Yesterday, Eni’s Board of Directors approved the Group results for the fourth quarter and the full year 2019 (unaudited) and convened the Annual Shareholders' Meeting. Commenting on the results, Claudio Descalzi, CEO of Eni, remarked:
“Eni is pleased to have reported excellent results in 2019, despite a tough period characterised by geopolitical tensions and much less favourable commodity prices than in 2018. The results today reflect the successful strategy we have pursued in recent years, which has seen Eni become more resilient and growing business. In the Upstream in particular, we achieved record production of 1.87 million barrels a day with a reserve replacement ratio of 117%.
The results achieved in the Gas & Power and oil Marketing were particularly positive. Refining and Chemicals endured a challenging period, although the results were however mitigated by Eni’s restructuring actions taken in previous years.
Finally, during the year we continued to expand our renewables division, while also expanding our “bio-refineries” business, with production beginning at Gela. These measures underpin our efforts to expand the low carbon profile of our portfolio, in preparation for the strategy which will be pursued in the coming years. In addition to these results, the ongoing diversification of our Upstream growth in Norway and the United Arab Emirates has further bolstered our portfolio, while the purchase of 20% of the refining capacity Ruwais in the Emirates will increase our refining resilience in unfavourable market conditions.
Today Eni is a transformed company.

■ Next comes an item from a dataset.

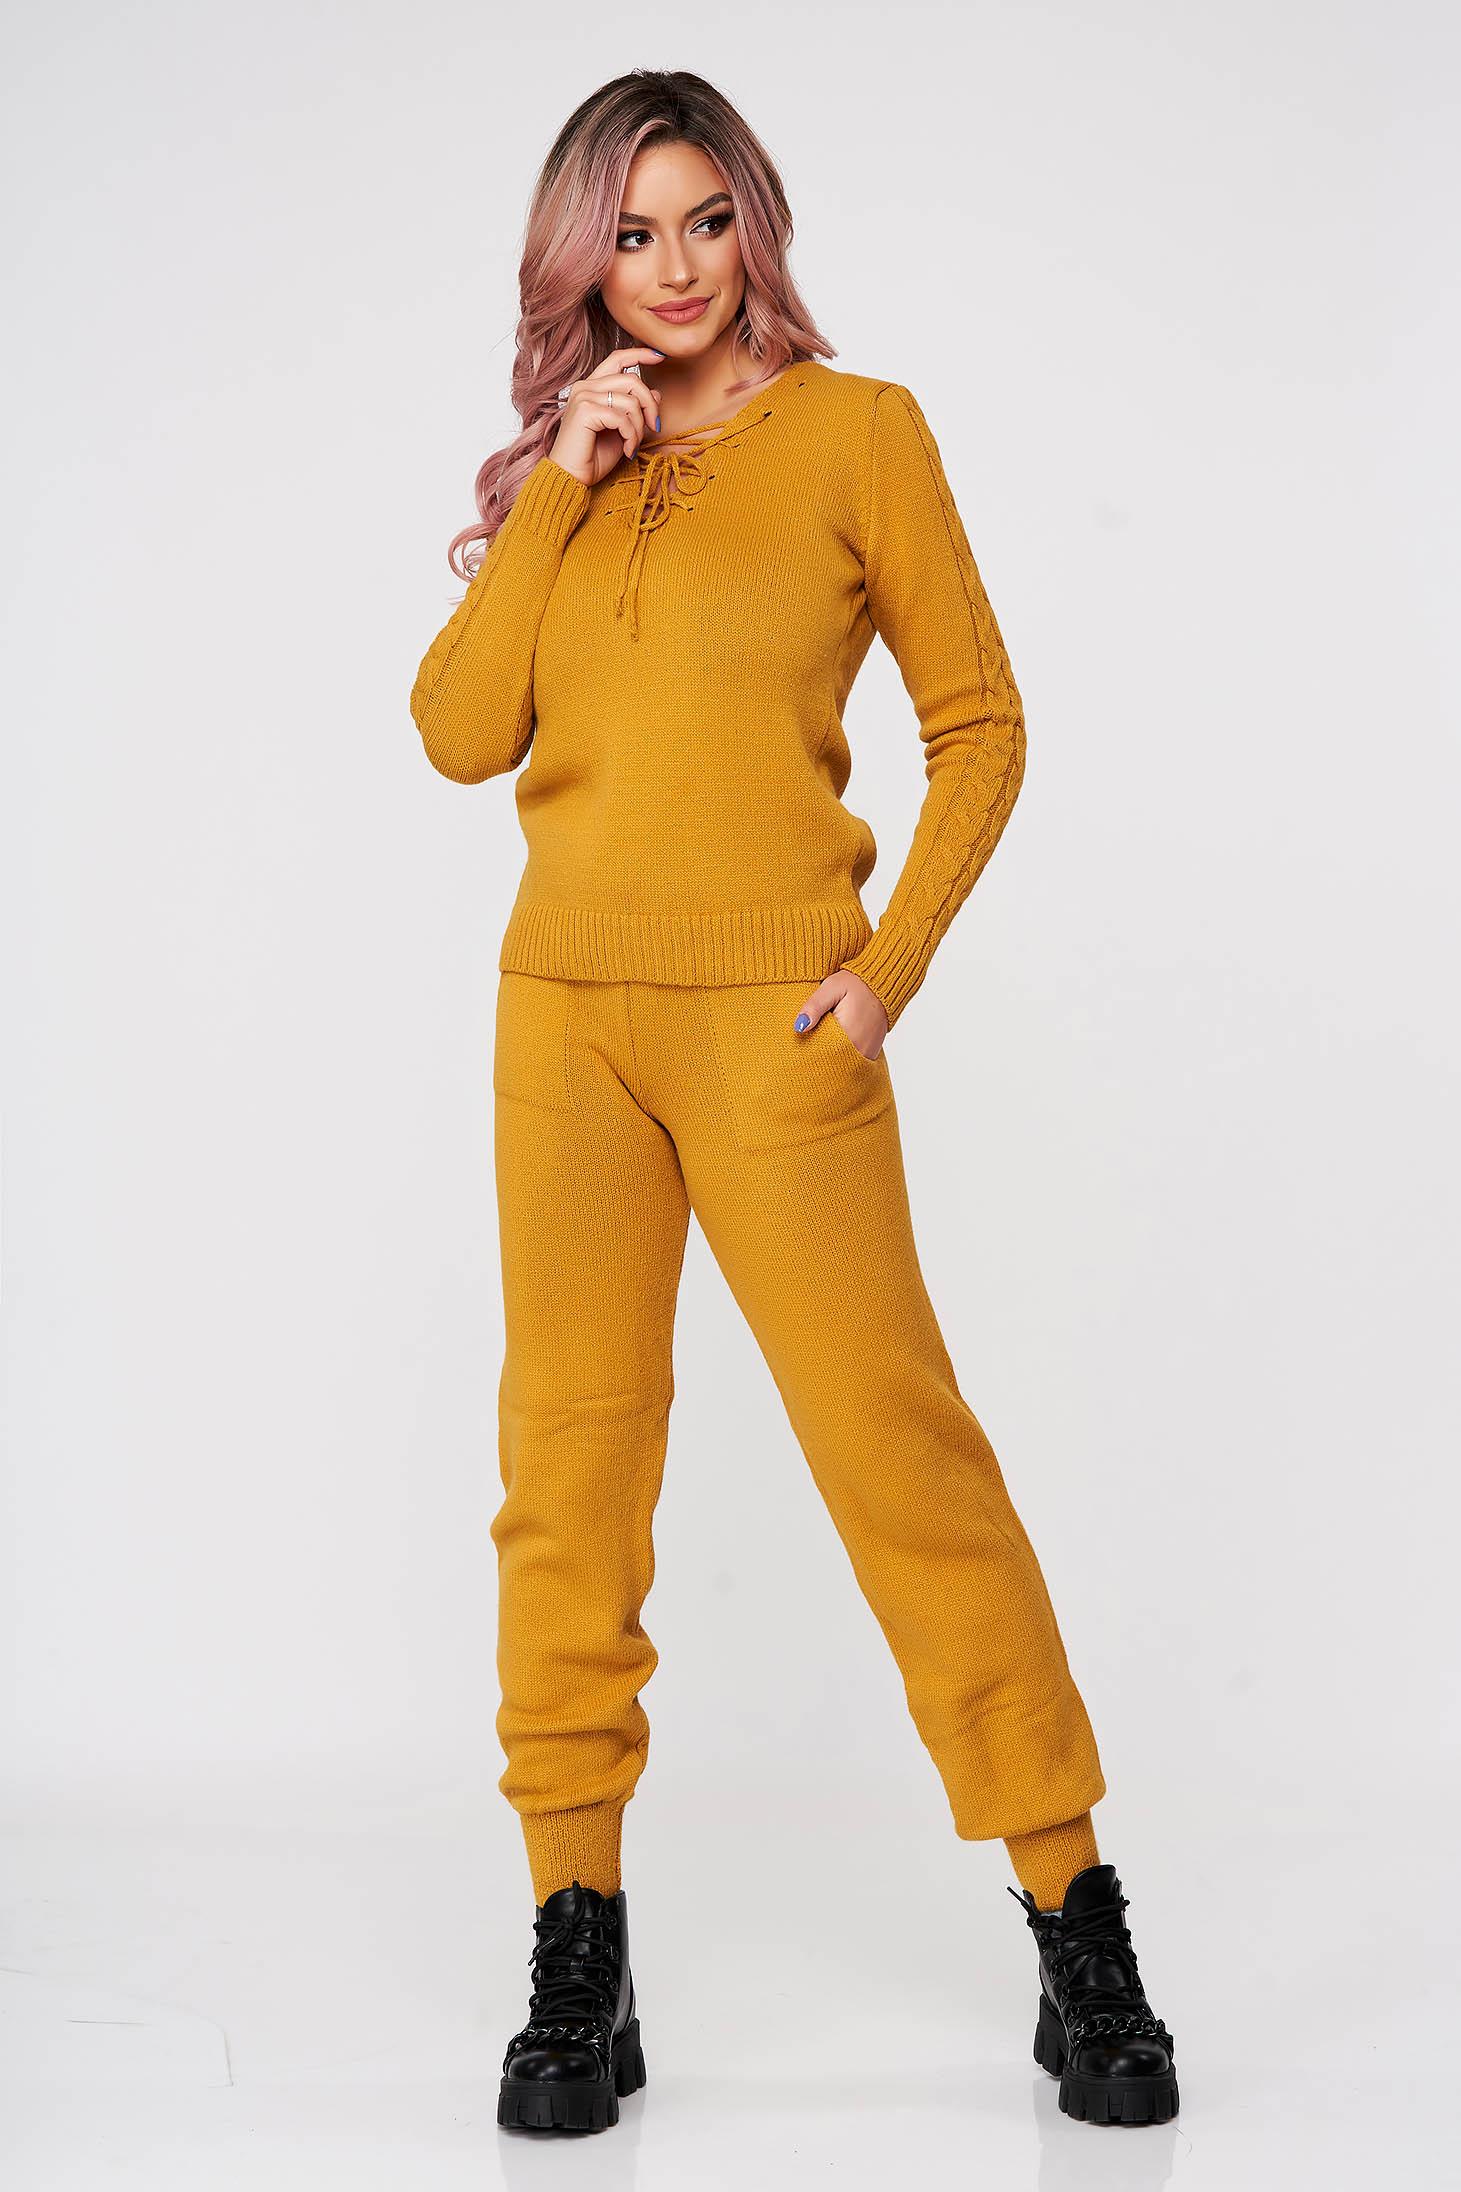 Trening dama SunShine mustariu tricotat din doua piese cu snur si cu insertii din material impletit

Eni has clear growth options and is financially robust, with operating cash flow generation of €12.1 billion, €1 billion higher than capex, of €7.7 billion and shareholder distribution, including the buy-back, of €3.4 billion.
Based on these results, the Board of Directors today approved the proposed distribution of a dividend of €0.86 per share, of which €0.43 had already been distributed in September.”